In the case of an outage at the host site or an extended loss of connection, Health Advocate maintains a call-management application on its data center that can be pressed into service in conjunction with the company’s PBX.

“It means you’re paying for licenses and you’re not using them — at least you hope not — but our clients deserve some assurances that we’re doing what we can to make sure our 24 x 7 service is just that,” says Johnston.

Mail-Server Failures

Driving into work and finding the building reduced to rubble is his worst nightmare, but the failure of a mail server is not far behind, says KITS’ Booth.

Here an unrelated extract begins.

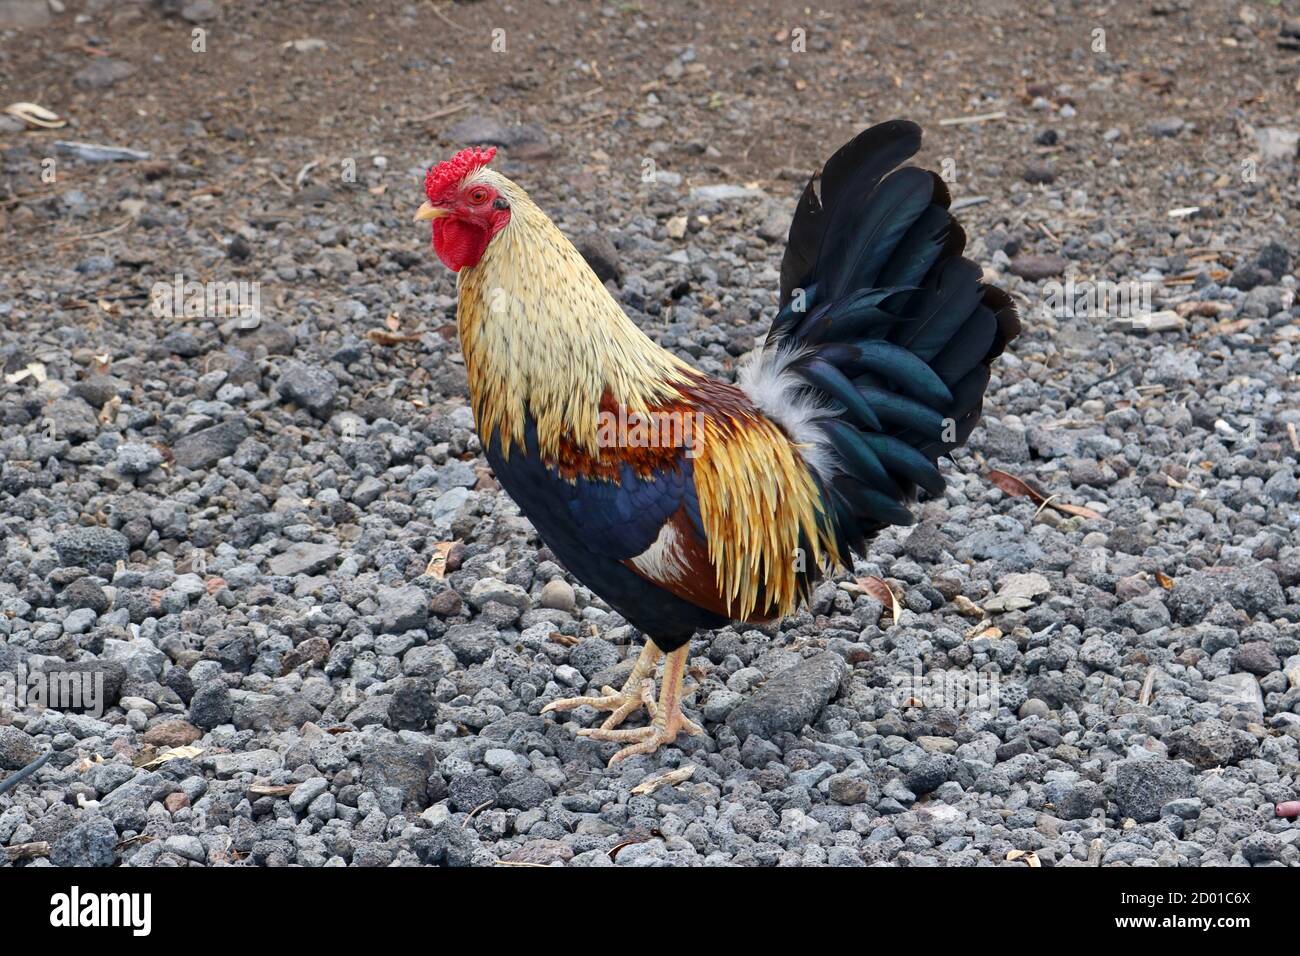 Closeup of a colorful rooster in grey surroundings Stock Photo

KITS has several mail servers, including a BlackBerry enterprise server, which causes the greatest consternation of all when there’s a problem, says Booth.

“It’s amazing how important these things are to the people who use them,” he says. “E-mail of all sorts is a critical application, but the BlackBerry makes it more urgent.”

KITS uses thorough backup procedures, so individual messages are rarely lost, but e-mail delays can be almost as frustrating for users as e-mail that’s disappeared.

Booth’s strategy has been to minimize the number and duration of real outages by simulating potential failures on virtual machines built on VMware ESX servers running in the KITS blade center.

“We document and prepare for anything,” he says.

The VMware has also been a useful tool in dealing with spam. The virtual environment has allowed Booth to run attacks on a simulation of the KITS network to see if the defenses in place really work.

“You don’t really want to mess with the actual shield on your mail server,” says Booth. “If you put the wrong configuration information in a production system, the urgency tends to go up pretty quickly.”